Even if the change of the initial guide width is omitted, the guide width is calibrated before the initial drive.
An appropriate guide width can be maintained, and as a result, the problem that the photographic paper is jammed in the guide is eliminated.

[Brief description of the drawings]

FIG. 1 is a schematic perspective view showing an example of a photographic material processing apparatus to which a control method of the photographic material processing apparatus of the present invention is applied.

FIG. 2 is a flowchart showing one embodiment of a control method of the photographic material processing apparatus of the present invention.

FIG. 3 is an explanatory diagram schematically showing a guide width changing operation in FIG. 2;

FIG. 4 is an explanatory diagram illustrating an example of a photographic material processing apparatus.

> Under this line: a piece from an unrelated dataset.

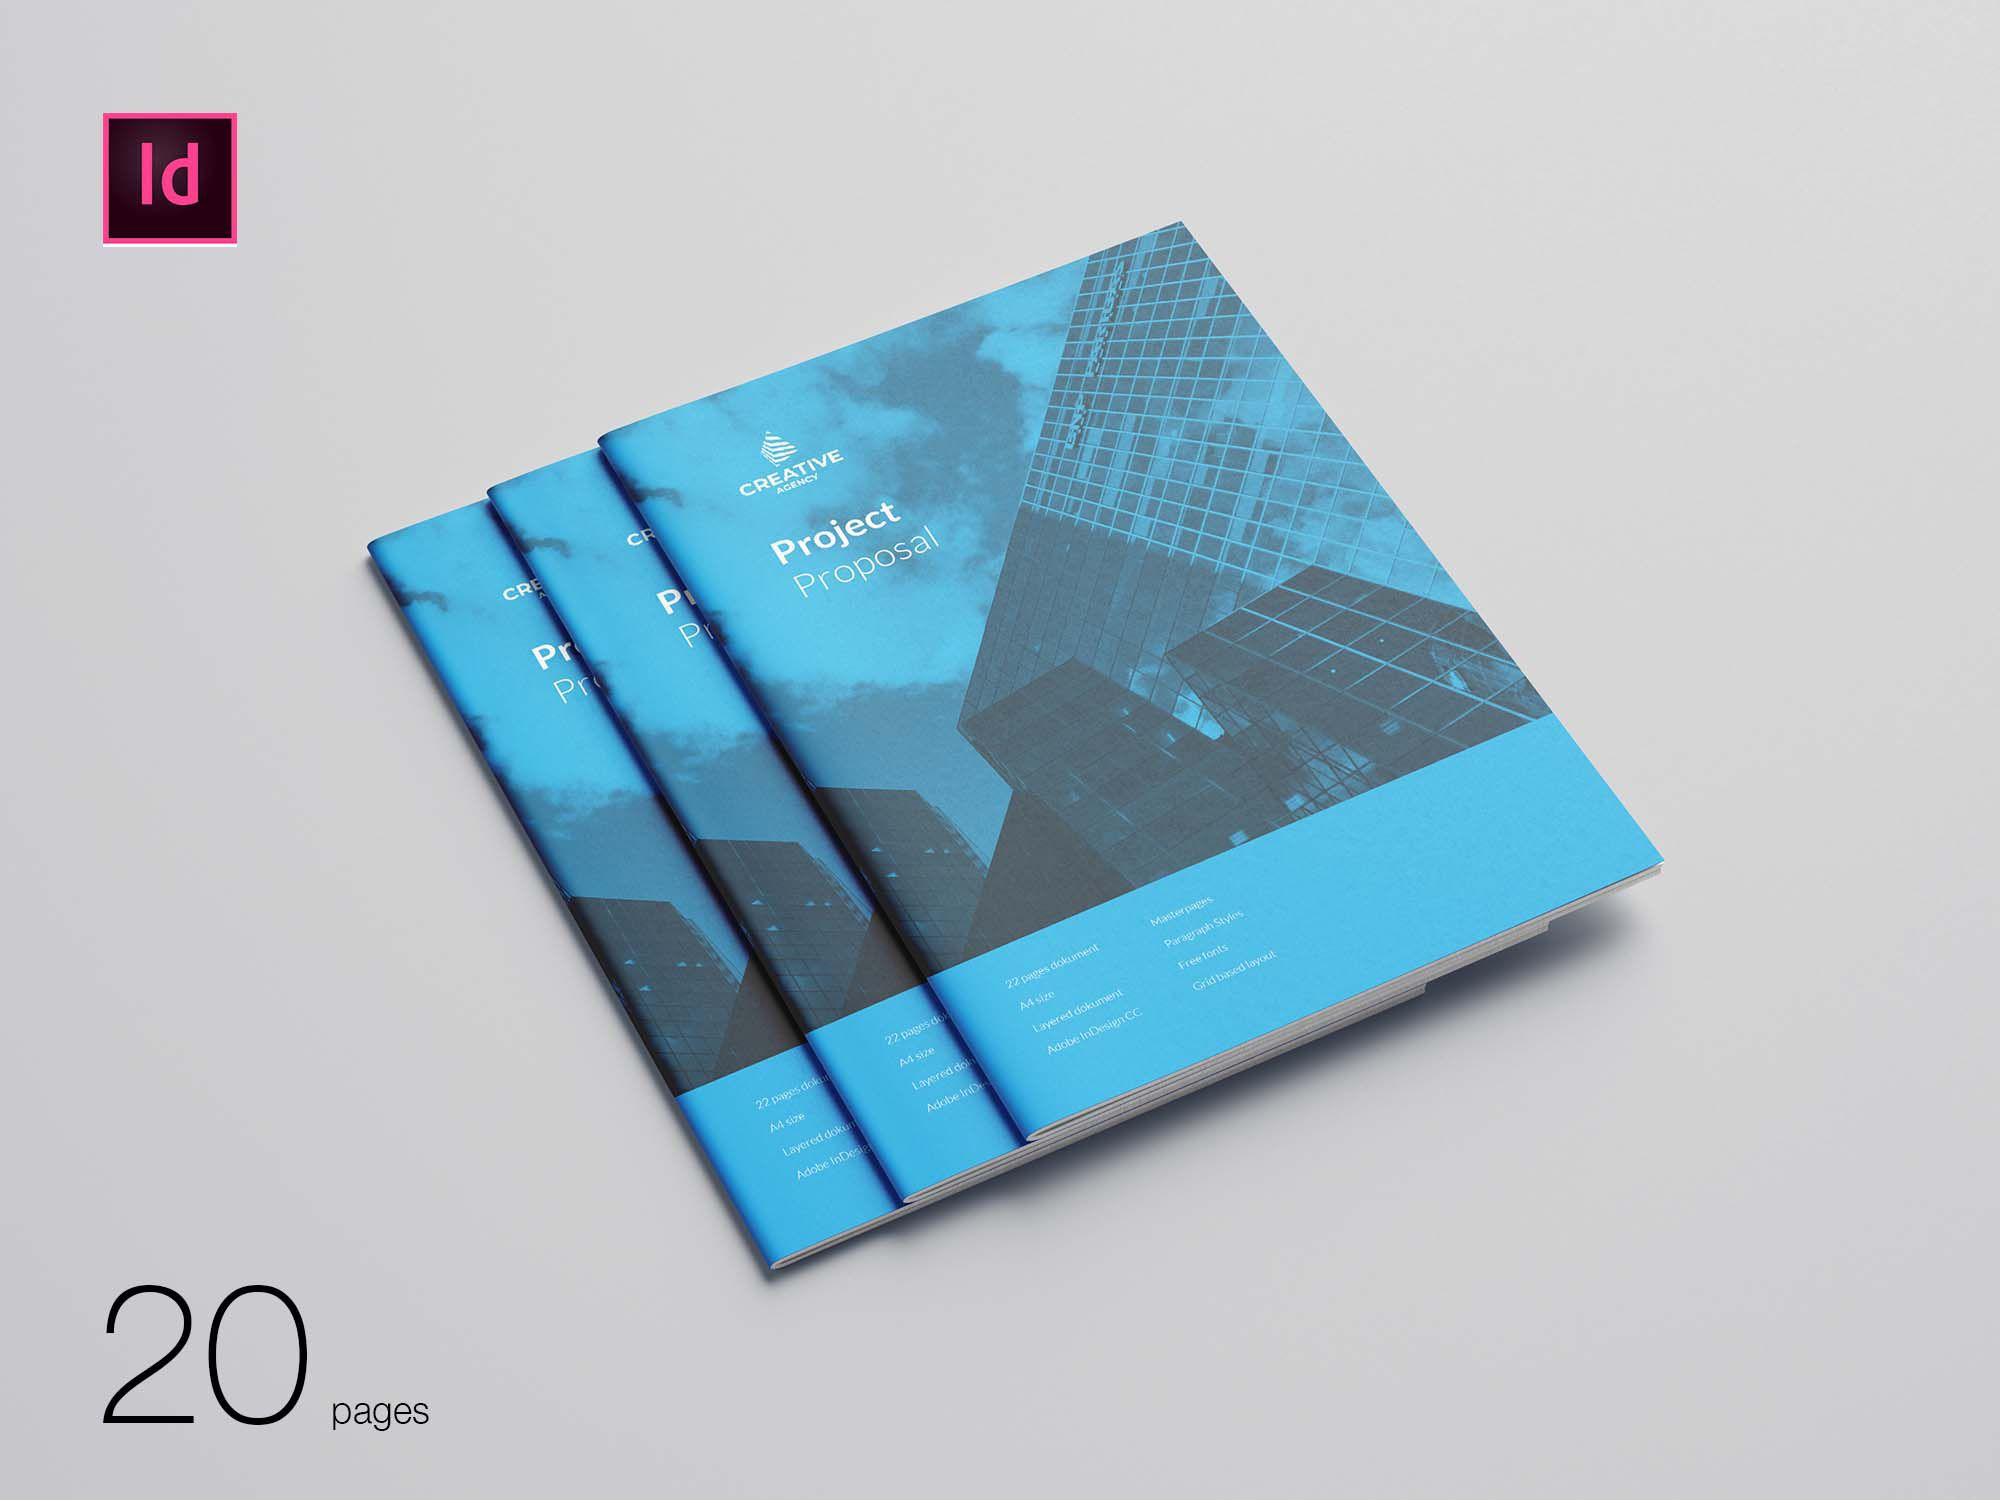 003 Striking Free Busines Proposal Template Indesign Design Full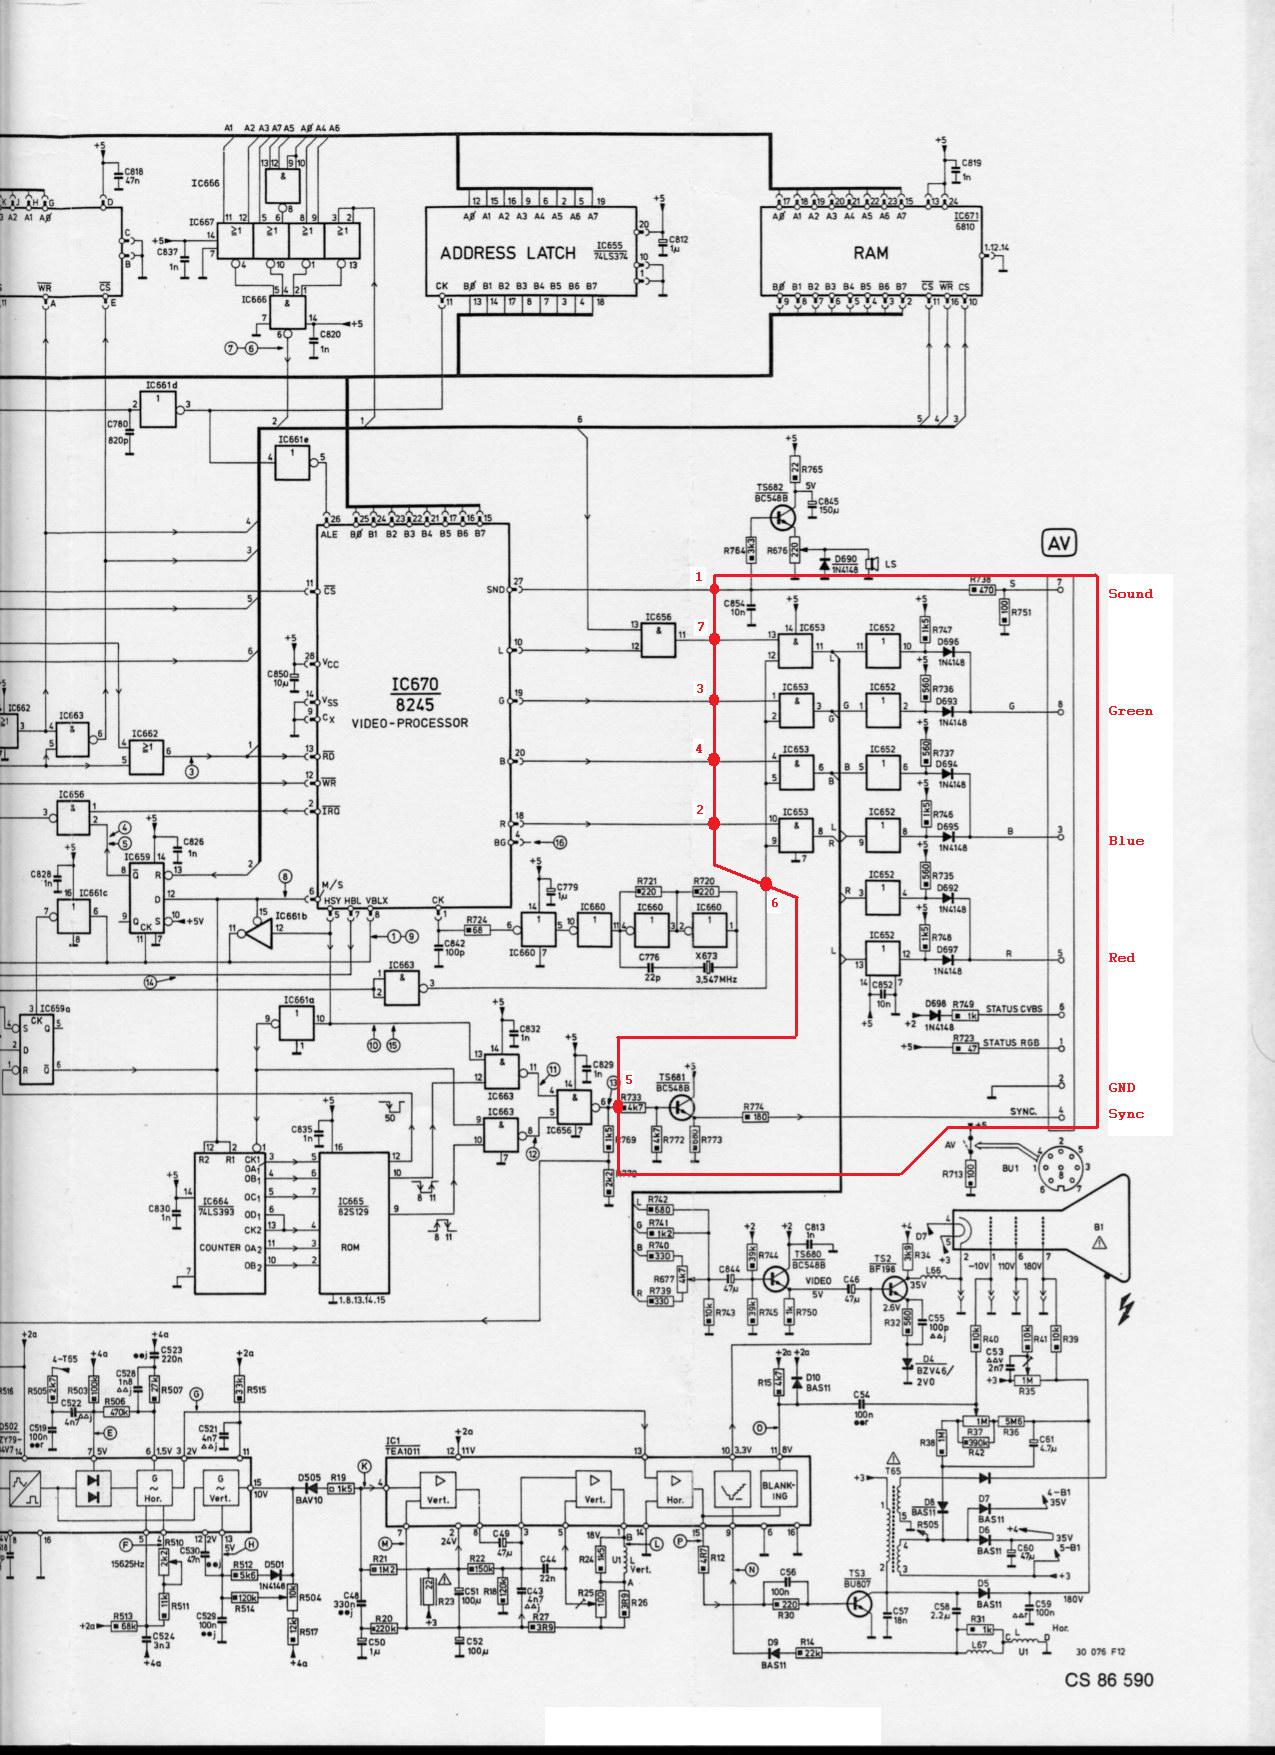 O2 RGB mod - Odyssey 2 / Videopac - AtariAge Forums Magnavox Odyssey Schematic on

FIG. 5 is an explanatory view showing a rack section of the photographic material processing apparatus.

[Explanation of symbols]

 DESCRIPTION OF SYMBOLS 1 Submerged rack part 9a, 9b Guide 21 Drying rack part 60 Control means A, B Guide width change mechanism S Printing paper

Claims (4)

[Claims] 1. A rack section provided with a transport mechanism for transporting a photographic photosensitive material and a guide width changing mechanism capable of adjusting a distance between a pair of guides for guiding both width side edges of the photographic photosensitive material. And an initial driving means for driving the transport mechanism for a fixed time, and an initial guide width changing means for driving the guide width changing mechanism for a fixed time. The initial drive and the initial guide width changing operation are sequentially performed when the first power-on after the date is changed, and only the initial drive is performed when the second and subsequent power-ons are performed. A control method for a photographic material processing apparatus. 2. A rack section provided with a transport mechanism for transporting a photographic photosensitive material and a guide width changing mechanism capable of adjusting a distance between a pair of guides for guiding both width side edges of the photographic photosensitive material. And an initial driving means for driving the transport mechanism for a fixed time, and an initial guide width changing means for driving the guide width changing mechanism for a fixed time. When the first power-up after the date change is performed, the initial drive and the initial guide width change operation are sequentially performed. When the second and subsequent power-ups are performed, only the initial drive is performed, and the initial drive is performed. Before performing, spread the guide by a predetermined amount so that the photographic material does not come off from the guide, and then return to the original position. A method for controlling a photographic material processing apparatus. 3. The method according to claim 2, wherein the predetermined amount is about 5 to 8 mm. 4. The control method according to claim 1, wherein if the guide width is different before and after power-on, the initial drive and the operation of changing the initial guide width are prohibited.